Perhaps one of the most important benefits of float tanks for fibromyalgia is relief from pain. Fine and Borrie noted that:
“Flotation REST can have an important role at several stages of the pain management process. By reducing both muscle tension and pain in a relatively short time and without effort on the part of the patient, flotation provides a dramatic demonstration of the benefits of relaxation. Relief is immediate and, although temporary, offers promise of further relief from REST and other relaxation-based strategies.”
Many patients who have dealt with fibromyalgia for a long period of time give up hope for new treatments. When they realize that float tanks can help manage pain, their mental outlook may change and they may be more confident in their treatment plan.
Relief of muscle tightness
The stiffness and muscle tightness of fibromyalgia can be addressed by float tanks. A small 2012 study found that pain due to tightness of muscles was decreased significantly after just three sessions in the float tanks. The pain-relieving effects lasted for a significant period after the treatment, which also helped to alleviate mood and make the study participants more hopeful. This increased optimism translates into better opportunities for successful treatment all around.
Corrects magnesium deficiency
Fibromyalgia sufferers may have a magnesium deficiency that causes their pain.
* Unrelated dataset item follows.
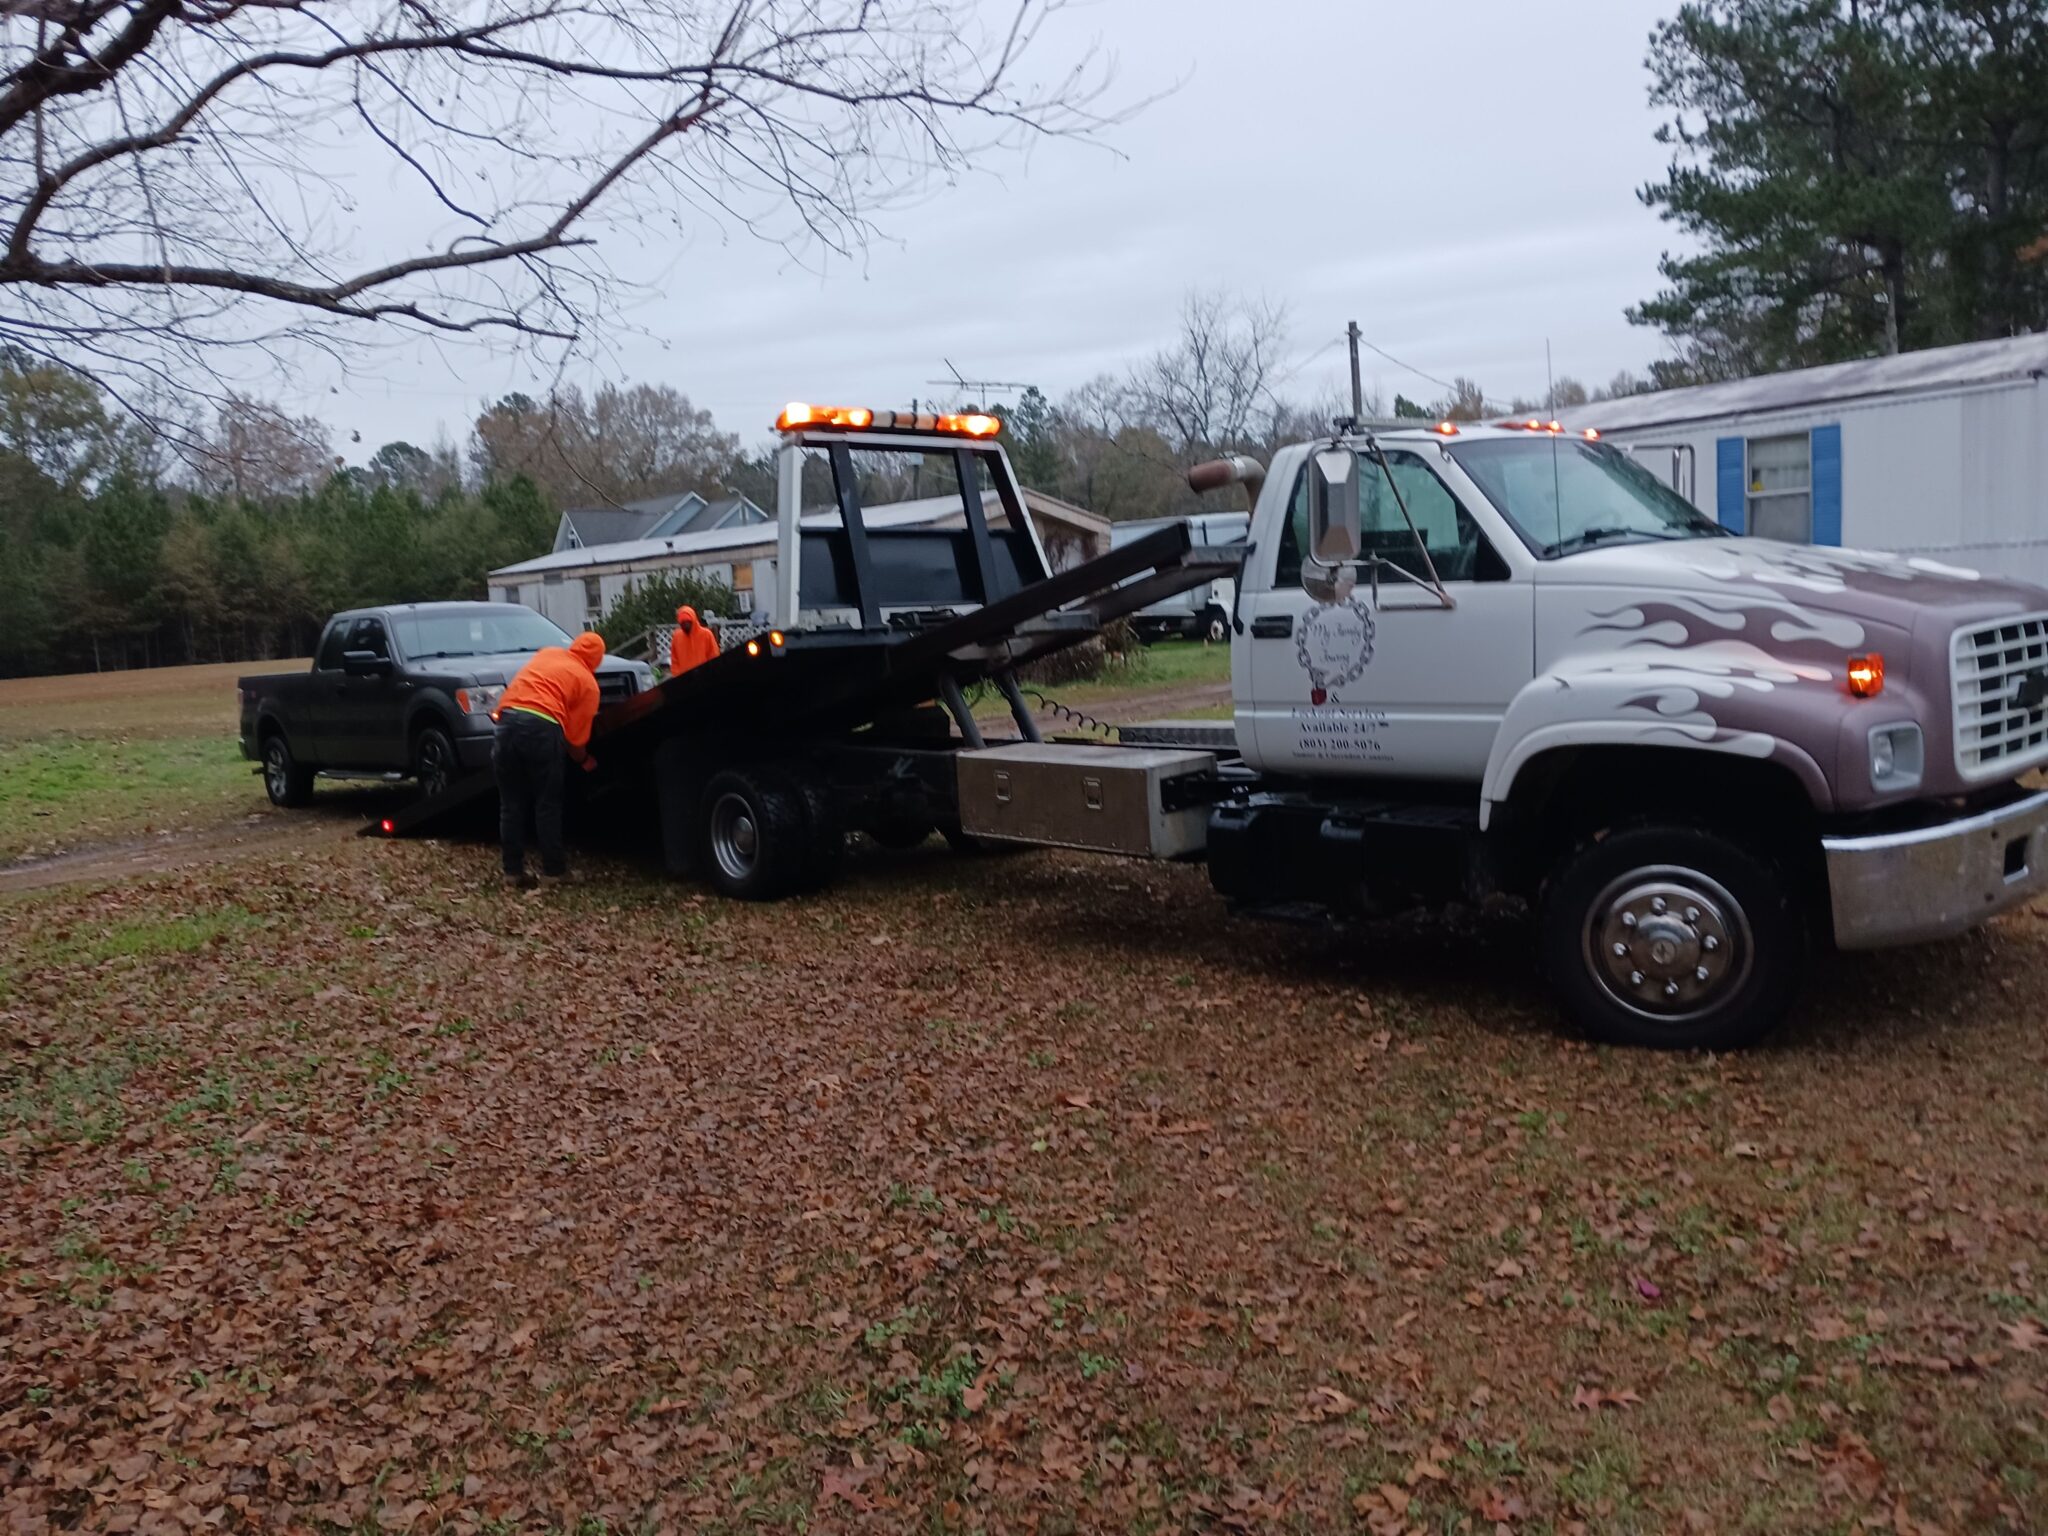 Count on us to solve your towing problems!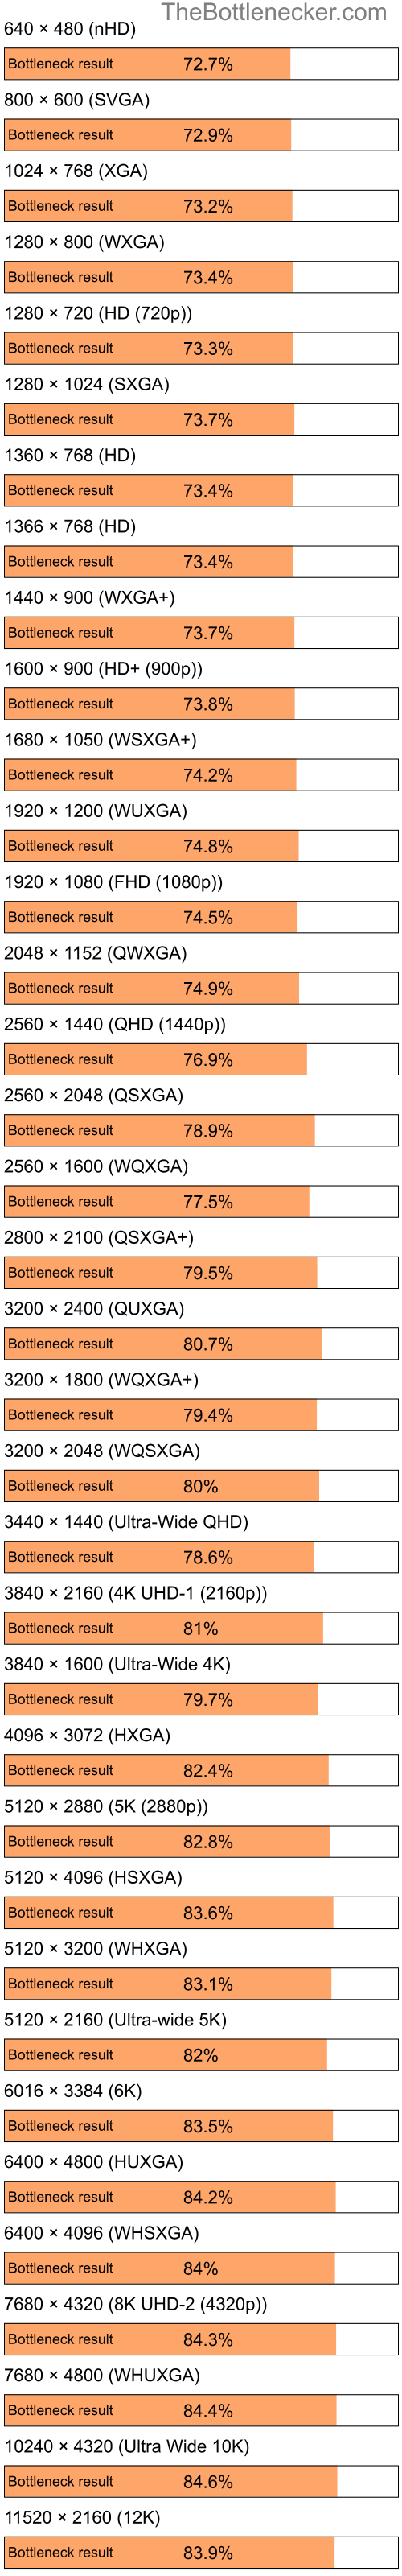 Bottleneck results by resolution for Intel Atom Z520 and AMD Mobility Radeon X1400 in General Tasks

The magnesium solution in the float tanks can be absorbed through the skin, helping to alleviate that deficiency without taking additional supplements. This can be a benefit to patients who have difficulty taking pills or who simply don’t want to take anything else.
The Fibromyalgia Flotation Project was designed for patients and interested medical professionals to test the efficacy of flotation REST treatments for fibromyalgia specifically. Two patients in particular are highlighted on the website.
Tina suffered from pain and bruising as a lasting reminder of a car accident in 1998 but couldn’t figure out why she was still in so much pain. Doctors attempted to control her pain with prescription opioids and non-steroidal anti-inflammatory drugs (NSAIDs), with disastrous results. After nearly overdosing, she finally tried flotation REST while visiting friends. Tina describes her first experience in the tank like this:
“[It was] like stepping into a warmth that was hard to describe. I felt held, secure, safe, enveloped and surrounded by this wonderful water that was so good to feel against my painful body. I had immediate pain relief and no breakthrough pain for 17 hours after my first float.”
After seven floats, Tina puts her pain level at just 10% of what it used to be.
Brigitta’s fibromyalgia was not traced to any one particular incident, but the pain and dizziness made it difficult for her to really function effectively. She was unable to take pain medications because of their side effects, so she utilized acupuncture, warm baths, and exercise. She was recruited by the Fibromyalgia Flotation Project at 70 years old and had this to say about the results:
“Flotation has made my life considerably better. I feel that it’s easier for me to take each day as it comes, which means that life gets easier. I feel much more positive and happy, and many of my friends confirm that.”